Exercise description
For the data below, transcribe the part that opens with the line containing "Coloriage Le Livre" and closes with the line containing "Casa en Alquiler", exactly and with no pictures.

Data listing
▬▬▬▬▬▬

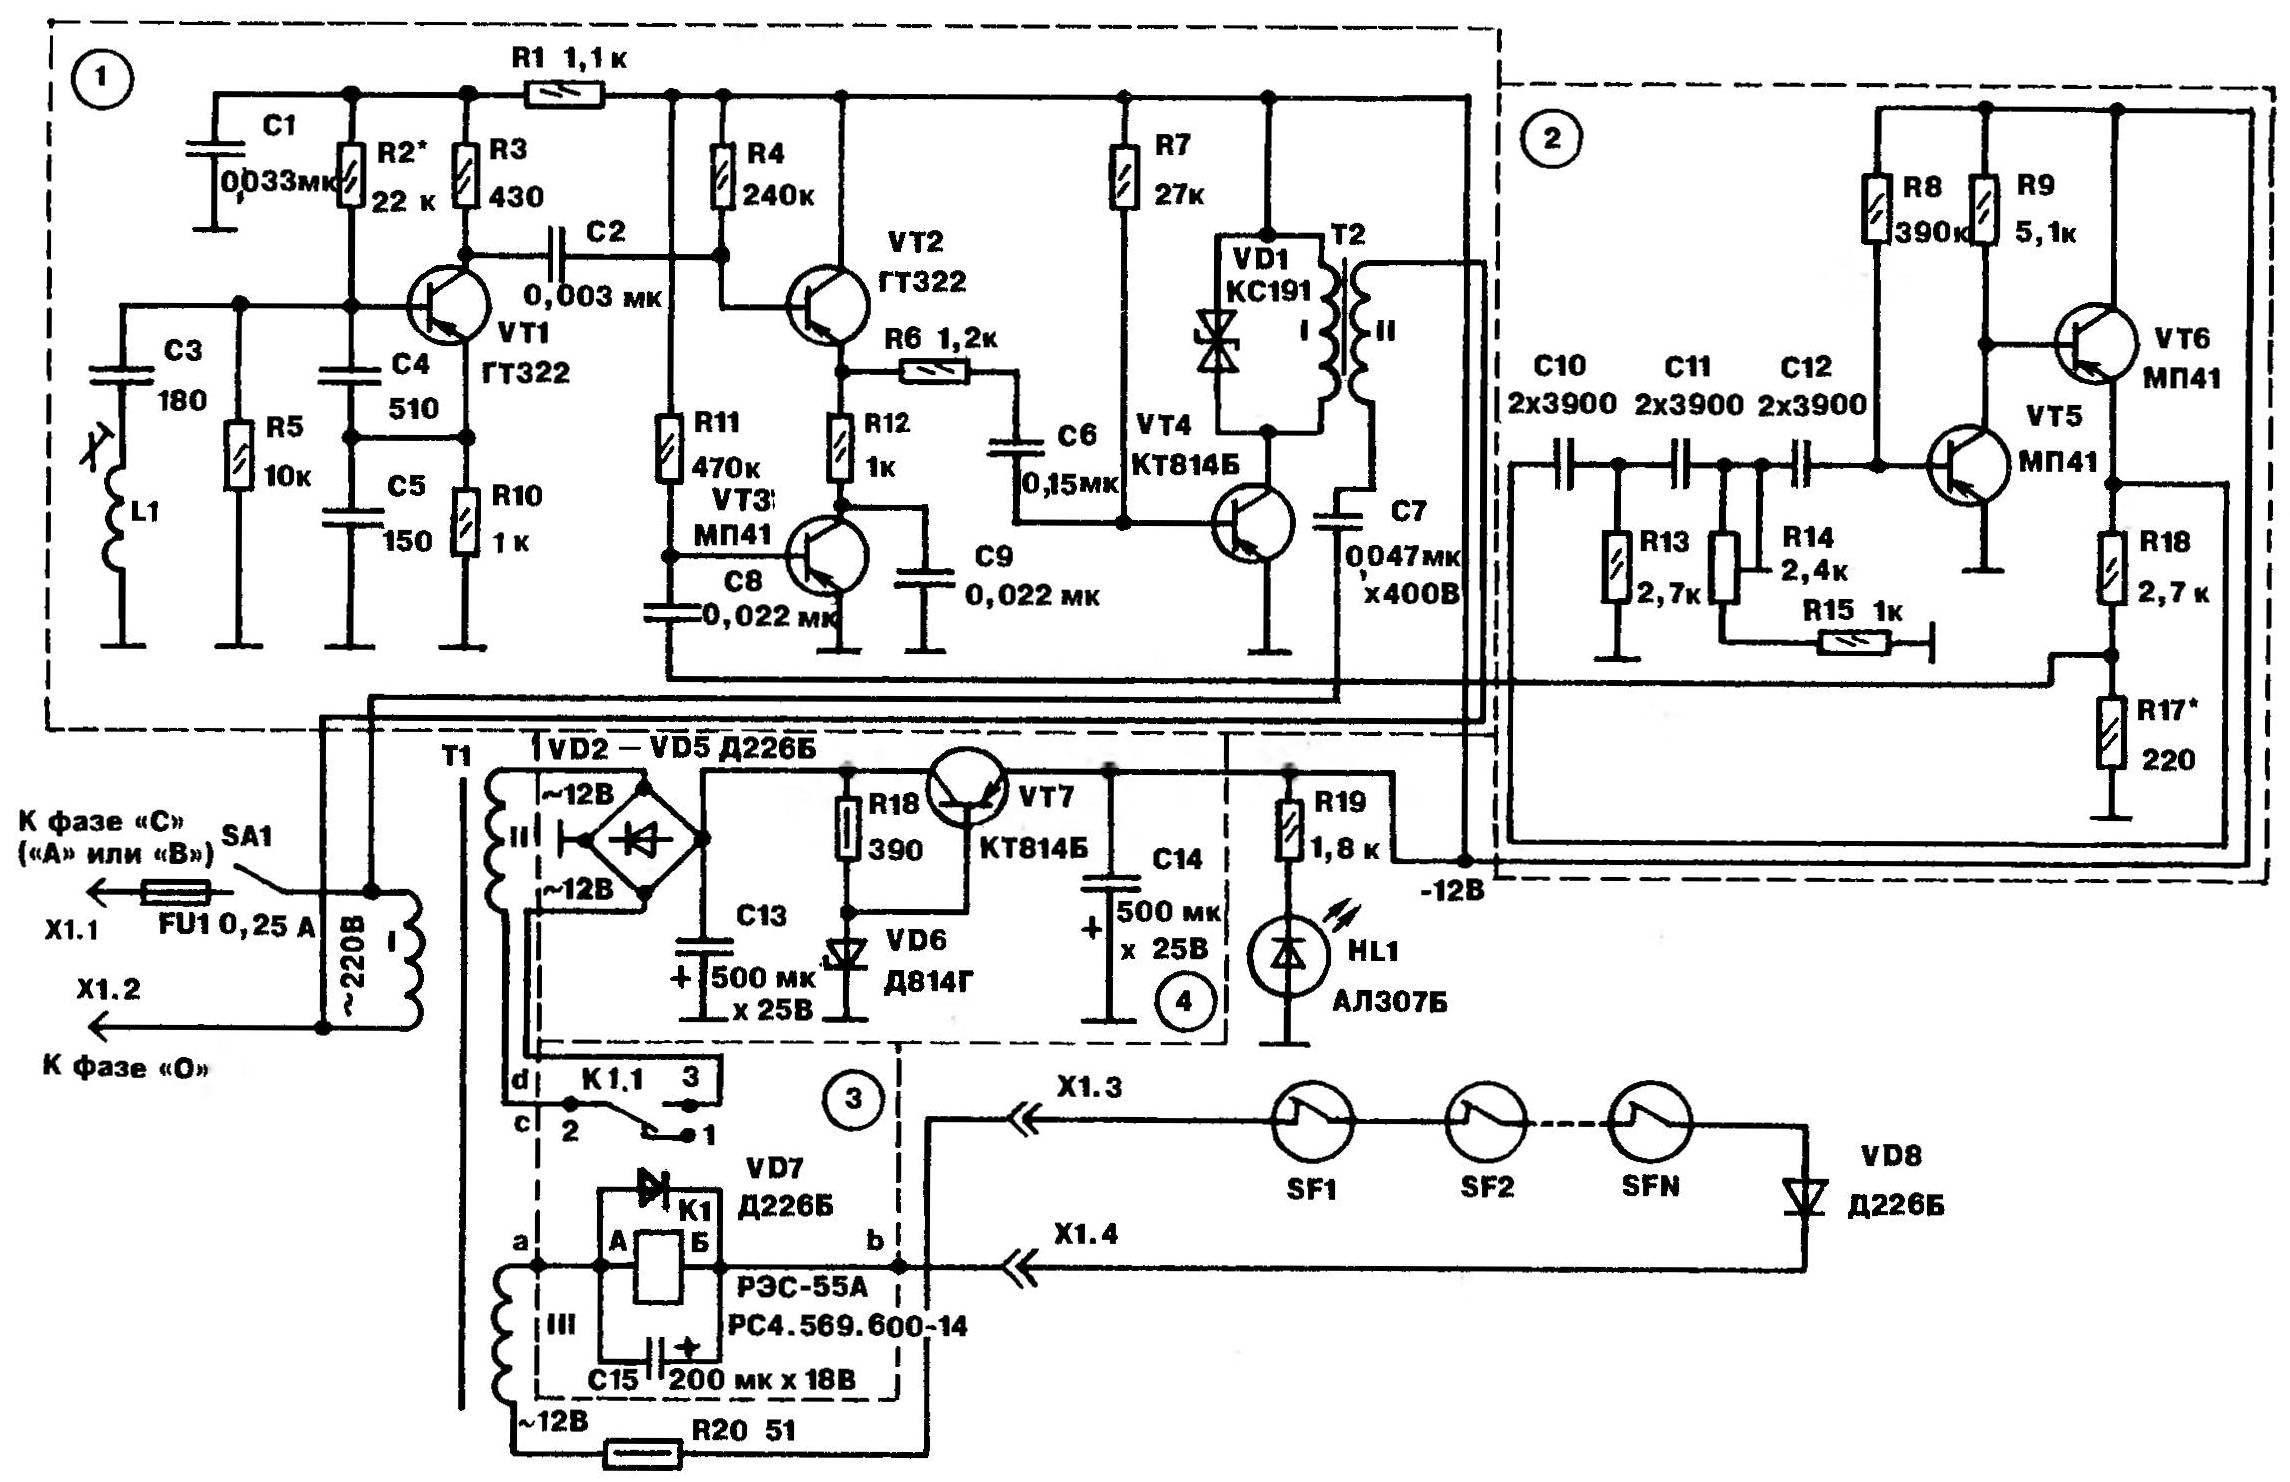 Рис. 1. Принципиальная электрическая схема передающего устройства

▬▬▬▬▬▬

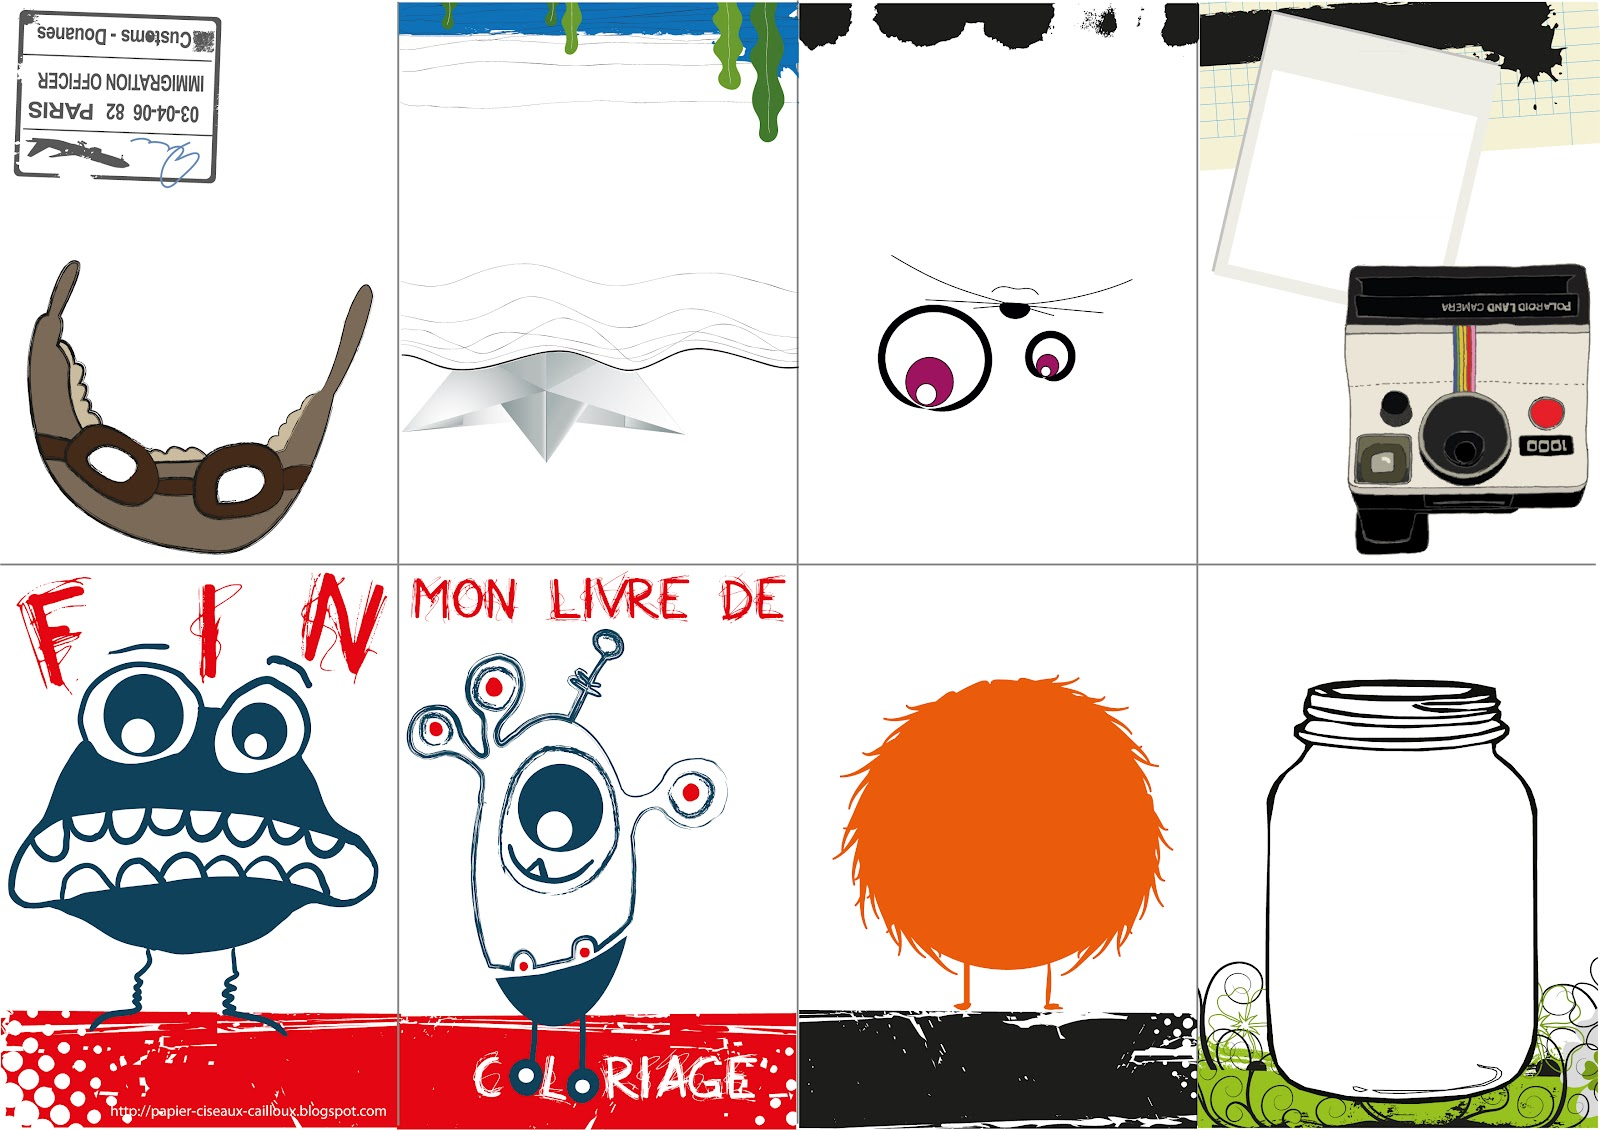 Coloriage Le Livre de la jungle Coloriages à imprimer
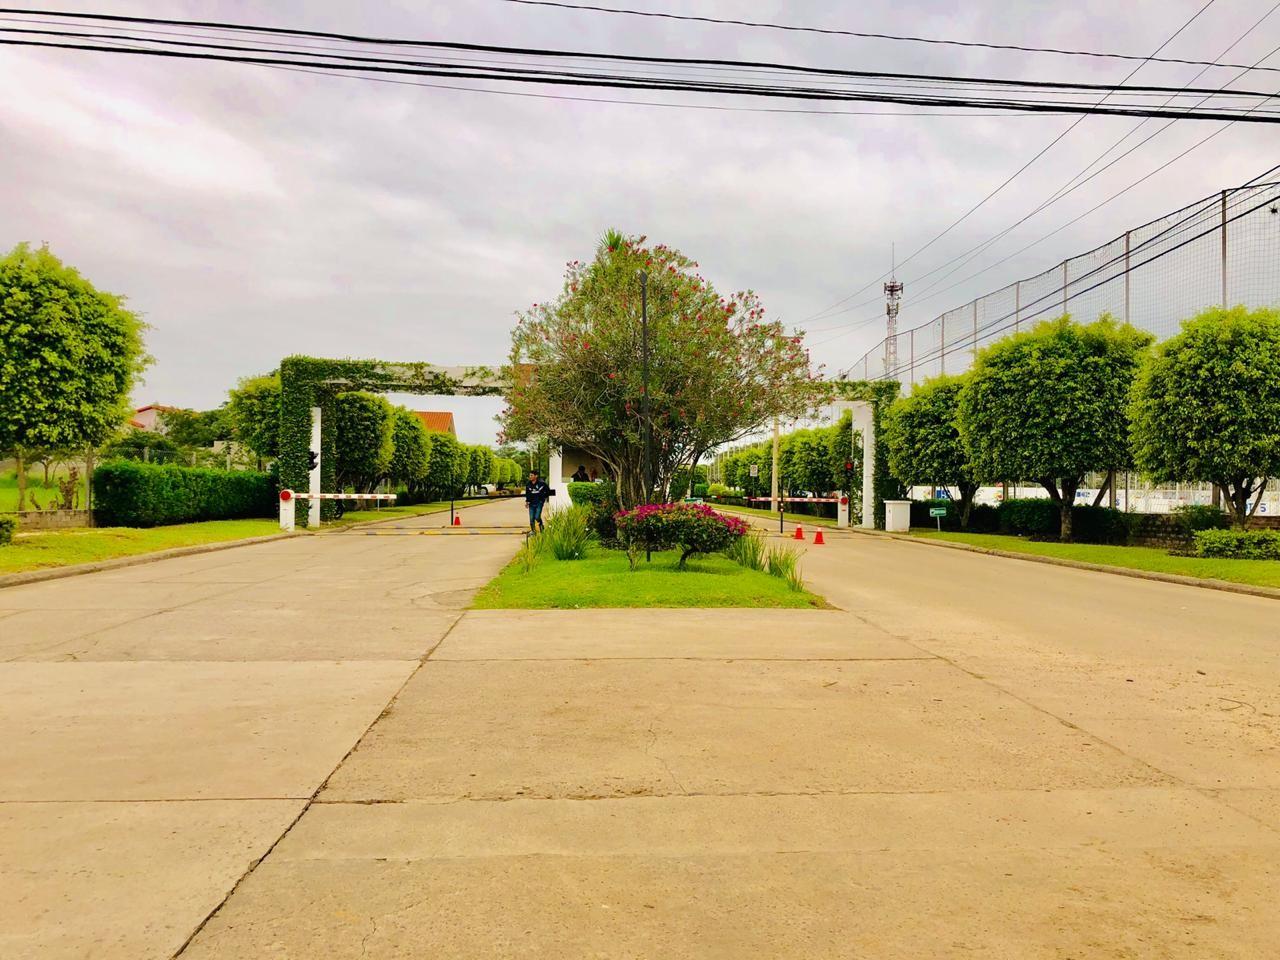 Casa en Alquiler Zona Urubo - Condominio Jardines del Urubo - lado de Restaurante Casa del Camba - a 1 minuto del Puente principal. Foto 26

▬▬▬▬▬▬

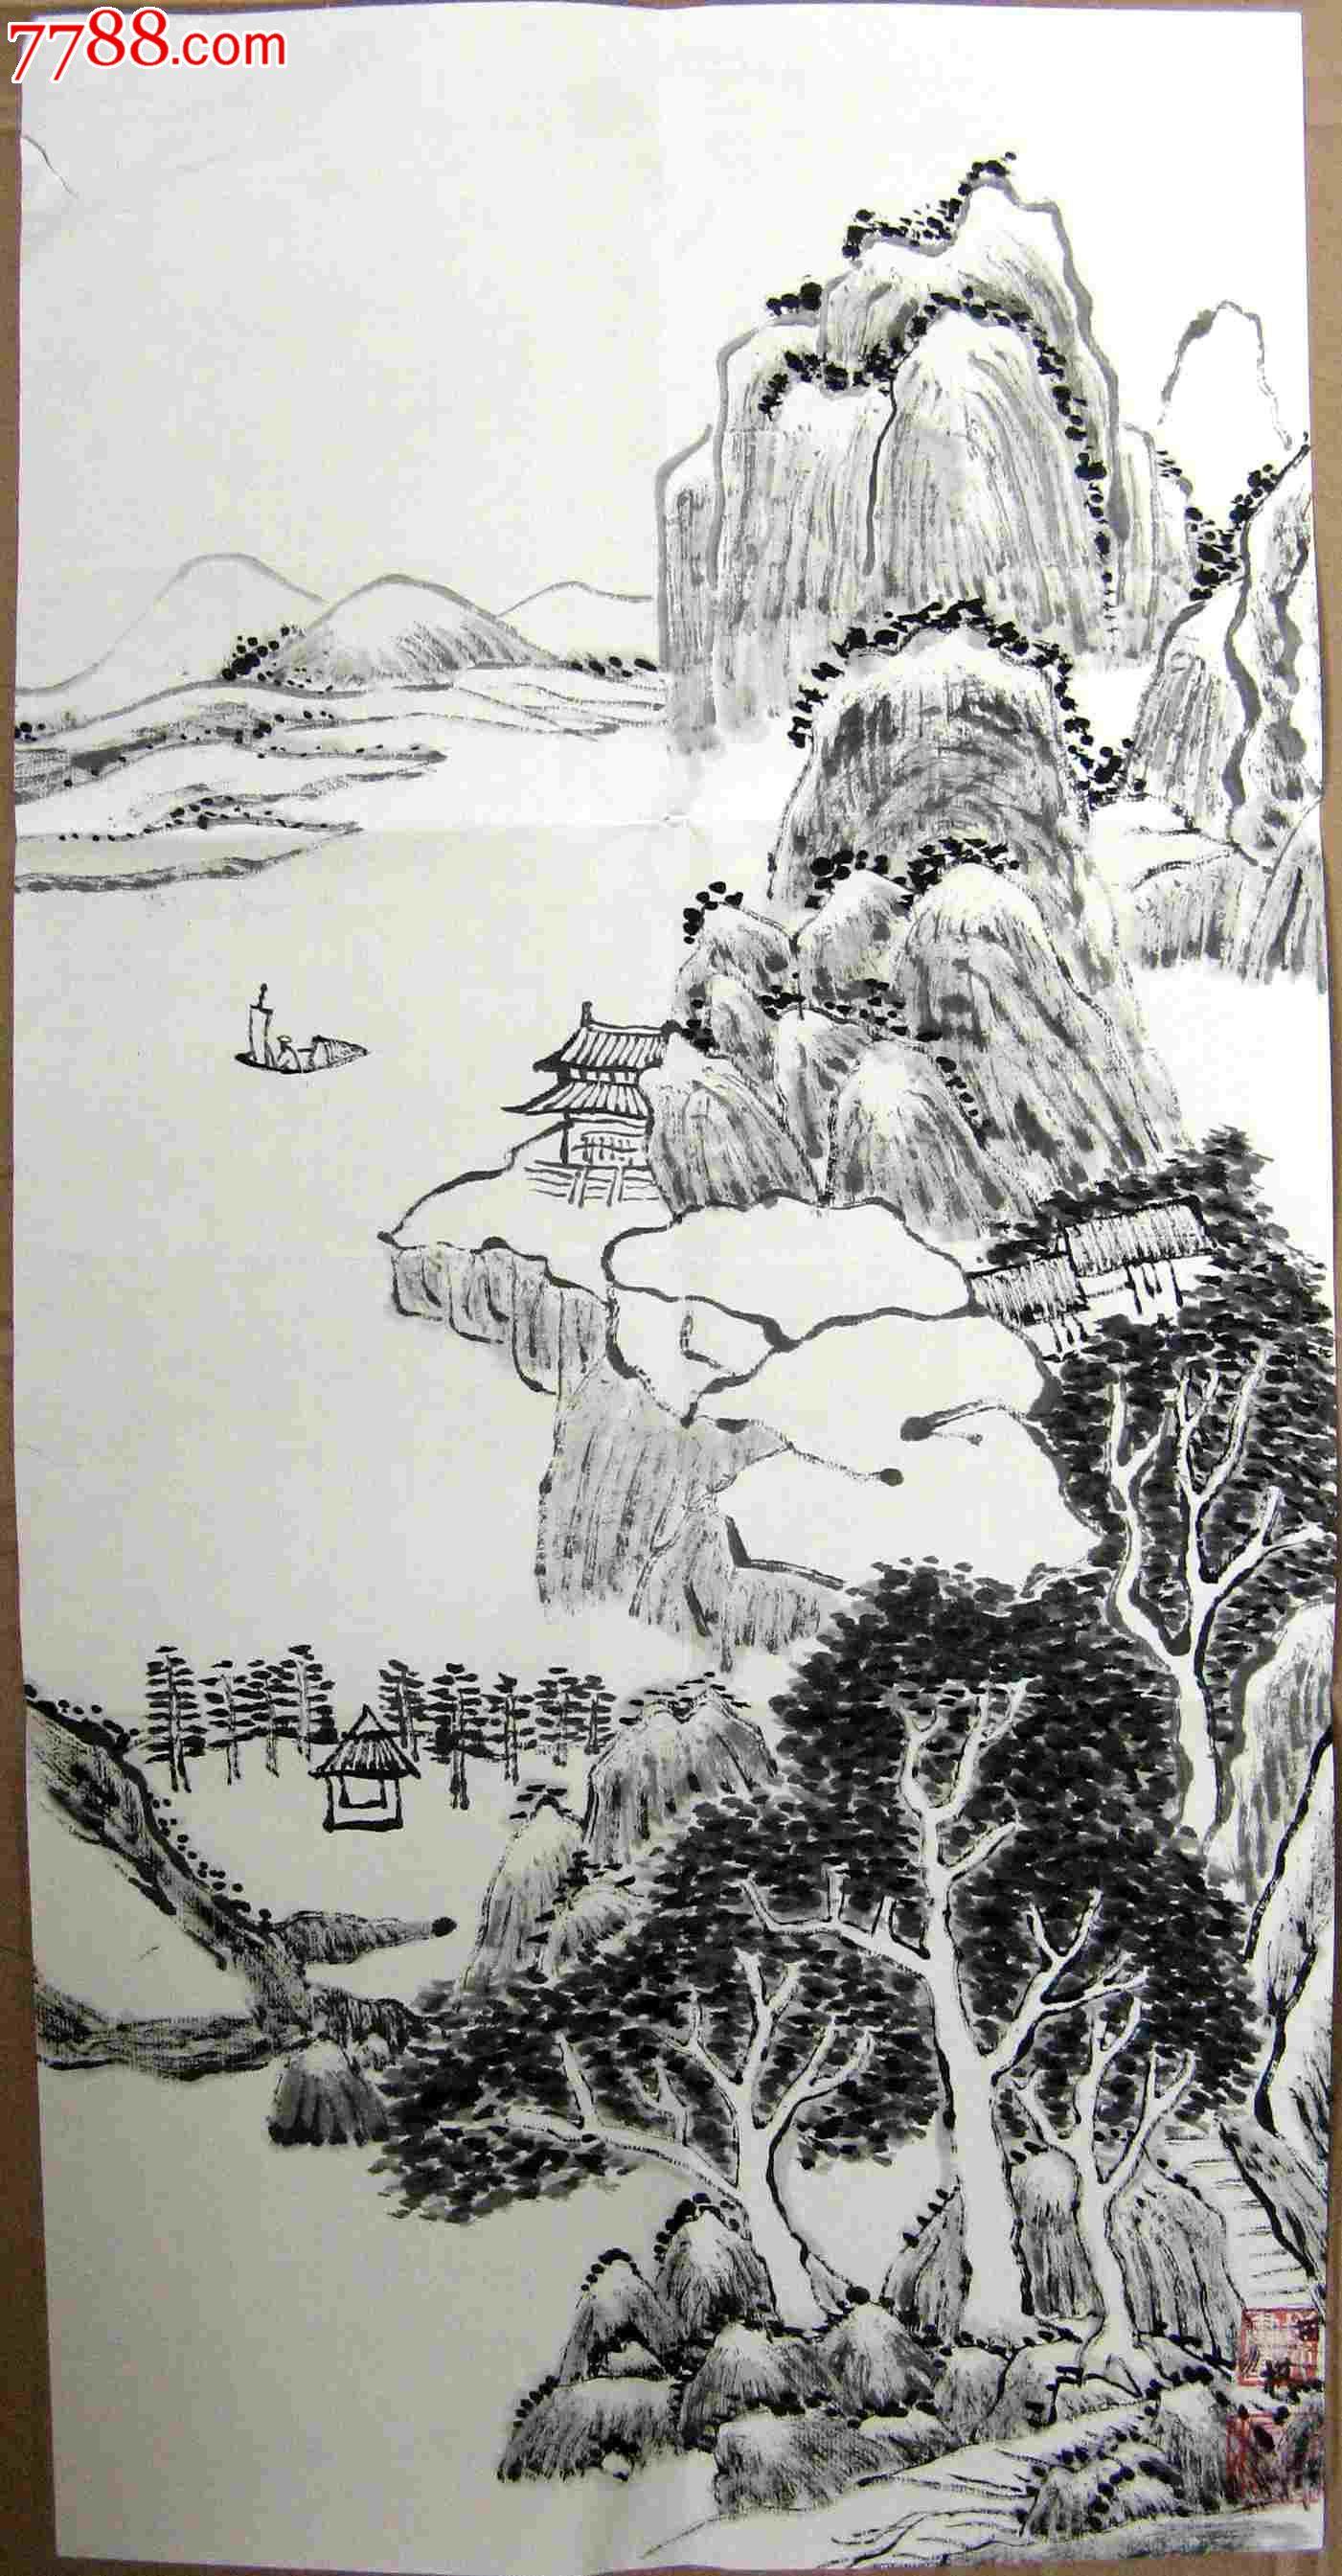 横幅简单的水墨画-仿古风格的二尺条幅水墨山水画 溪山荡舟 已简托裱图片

▬▬▬▬▬▬

Solution for this task
 Coloriage Le Livre de la jungle Coloriages à imprimer
 Casa en Alquiler Zona Urubo - Condominio Jardines del Urubo - lado de Restaurante Casa del Camba - a 1 minuto del Puente principal. Foto 26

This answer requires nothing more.